I haven't really reached out to my Tasmanian correspondent in recent weeks. Ever since our road trip and the associated "unpleasantness" I thought I had better leave her to calm down for a while. As to the unpleasantness itself, my lips are sealed. All I will say is that it involved an unlocked door, some "special" clothing I own and a box of kumquats. However, since this blog long passed the point where I can sustain it with my own creativity I forced myself to make the connection. Fortunately she appeared to be prepared to let bygones be bygones and greeted me in her usual style.
"What the hell do you want you depraved freak?"
I mentioned that the whole point of being a correspondent is that she's supposed to correspond every so often but it turned out she had good reason for her silence. Her palms were covered in fungus. I made the appropriate sympathetic noises and offered to send her some penicillin. I have a large store of this since I physically can't consume all of the medications my tech support press on me. Besides some of them claw their way out of the boxes and escape.
At some point during the obscenity riddled rant that followed I did glean the fact that she was referring to her house plants and not, as I had first thought, an unfortunate medical condition. Although I guess its pretty unfortunate for the palms. My tech support who were listening in suggested scouring the palms with acid. When I pointed out that we were talking about plants they retracted their advice and subsided into silence.

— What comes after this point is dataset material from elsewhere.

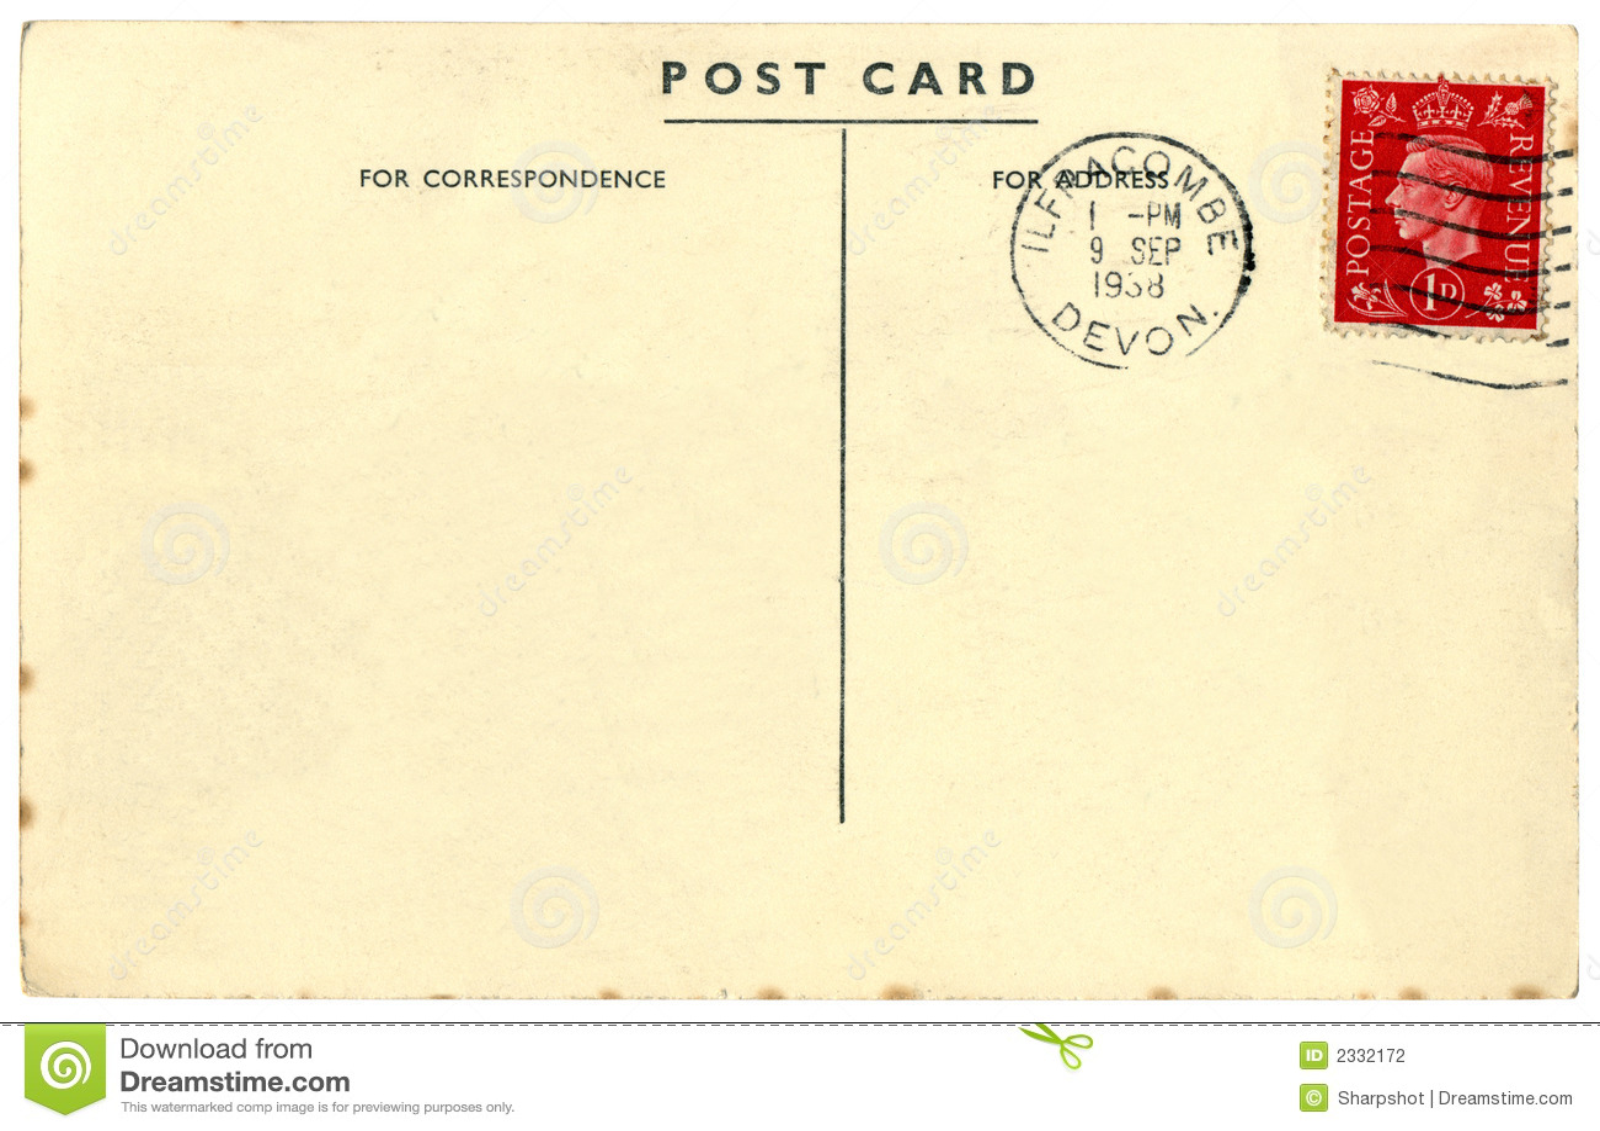 Populaire Carte Postale Des Anglais De Cru Photo stock - Image: 2332172 KL44

In fact my correspondent is doing the lowgrade, domestic version of scouring them with acid. She's spraying them with apple cider vinegar. If nothing else they should be delicious by the time the fungus kills them off. With the diseased plant situation safely under control my correspondent unbent sufficiently to provide me with the latest information from her little patch of Tasmania.
One of her fish is continually faking its death. As alert readers of this blog will be aware fish don't generally need to fake their death once they enter the care of my correspondent. However the unexpected survival of quite a few of the fish she possesses has prompted every friend, relative and random stranger with an unwanted piscine to dump them on her and then flee the state. The result of which is that her home is starting to resemble a low rent aquarium with fungus riddled palms.
The child who presented the fish in question warned my correspondent that it was a drama queen. My correspondent replied with the kindly warmth adults use to hide their contempt when children say something particularly stupid and ignored it. The next day the fish was floating belly up in the fish tank. With a weary sigh (and no doubt a sense of deja vu) my correspondent went off to fetch a net to snag the floating corpse and return it to the sea via the sewage system. On her return said fish was happily swimming around down at the bottom of the tank. It has done this several times now and it has got to the point where when the thing finally dies my correspondent is likely to leave it floating in the tank for a month out of sheer skepticism.
With diseased palms and semi dead fish removed as talking points my correspondent turned instead to the lockdown I am currently suffering under with great glee. Apparently my being locked down is something she feels is long overdue. When I pointed out that the entire of Greater Sydney was locked down as well she thought that was a little unfair but worth it if it stopped me leaving the house.